"Another hour."

"Do you want to make yourself and the child ill?"

"I never know what hunger is whilst I am at work; and how can Daisy feel the fasting whilst she sleeps? As soon as she wakens, I leave off."

"Leave off now and finish to-morrow."

"Oh, Kate! is it possible you do not see how very charming that attitude is? I should never have hit on anything half so graceful or so picturesque. The least movement on her part might spoil it."

"I fancy I saw her stir."

"I hope not," he replied hastily. I heard him approach; he bent over me, for I felt his breath on my face, but I kept my eyes closed, and never moved. Cornelius turned away, and whispering to his sister that there never had been a deeper slumber, he begged of her to leave him. She yielded, and I heard him securing himself against further intrusion by locking the door, before he returned to his interrupted task.

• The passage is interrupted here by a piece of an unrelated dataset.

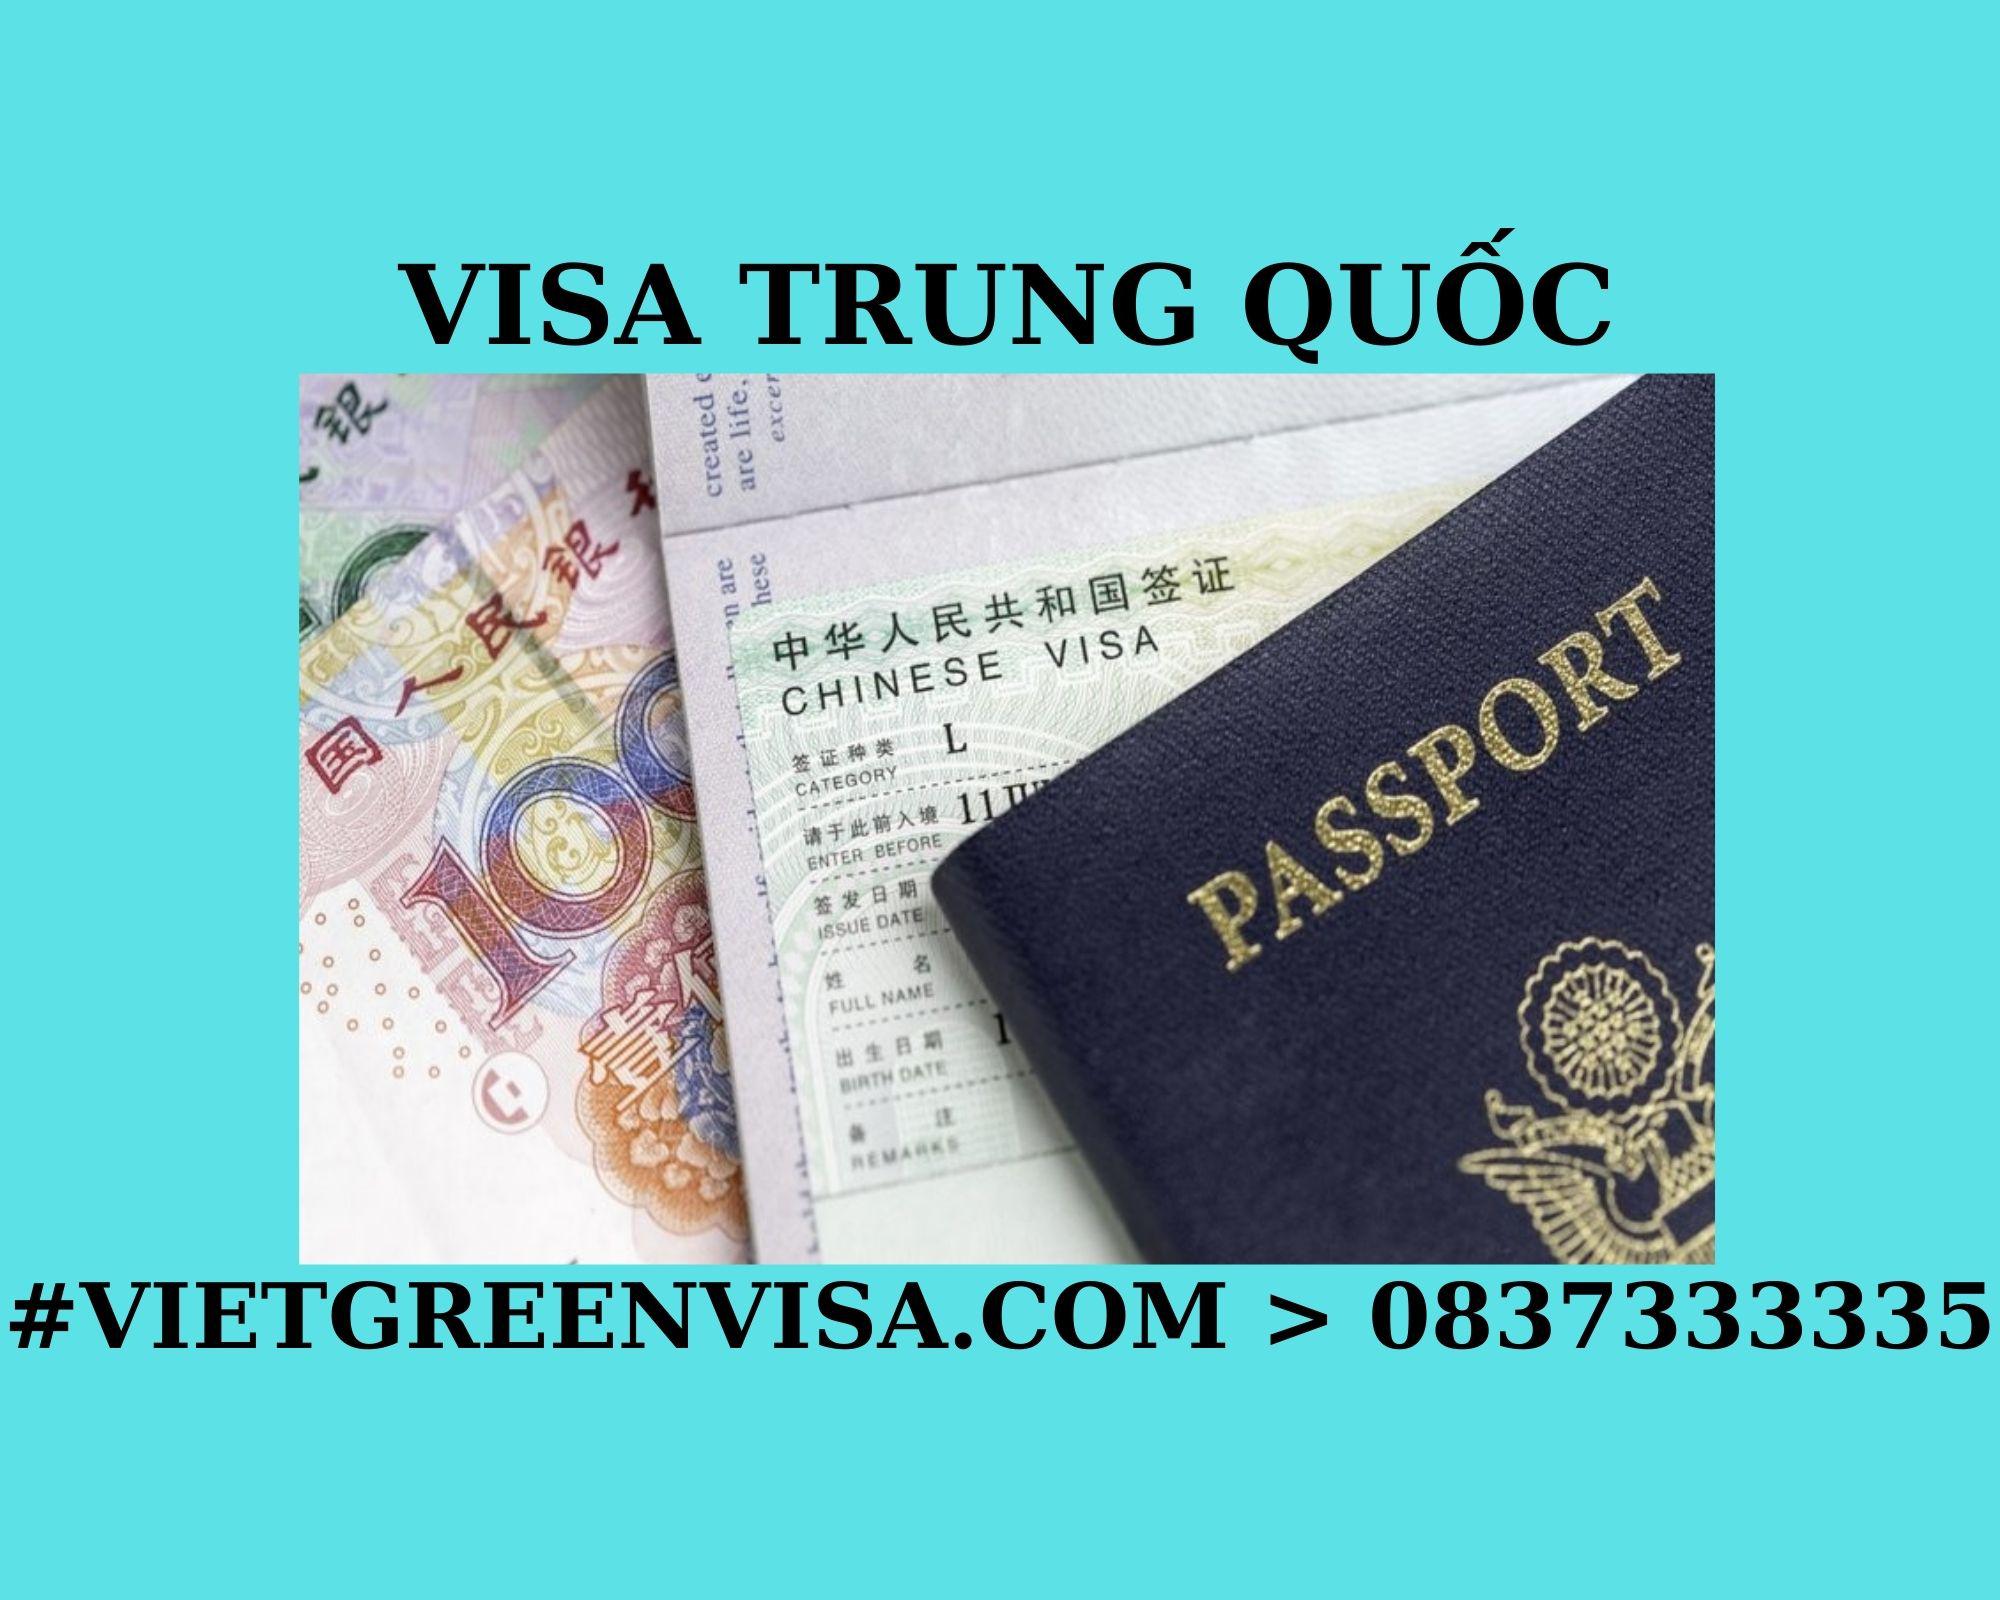 Dịch vụ xin visa Trung Quốc trọn gói. Viet Green visa

It was well for me that I had so long been accustomed to sitting, or I could not have borne the hour that followed. Even as it was, I felt as if Cornelius would never have done. At length he came up to me, took my hand, and called me. I opened my eyes, and saw him standing by the couch, and smiling down at me.

"Why," he said gaily, "you are as bad as the sleeping beauty."

I did not reply, but rose—he little guessed with how much pleasure. He showed me the sketch he had been taking of me, and asked what I thought of it. I could not answer; I felt so giddy and faint.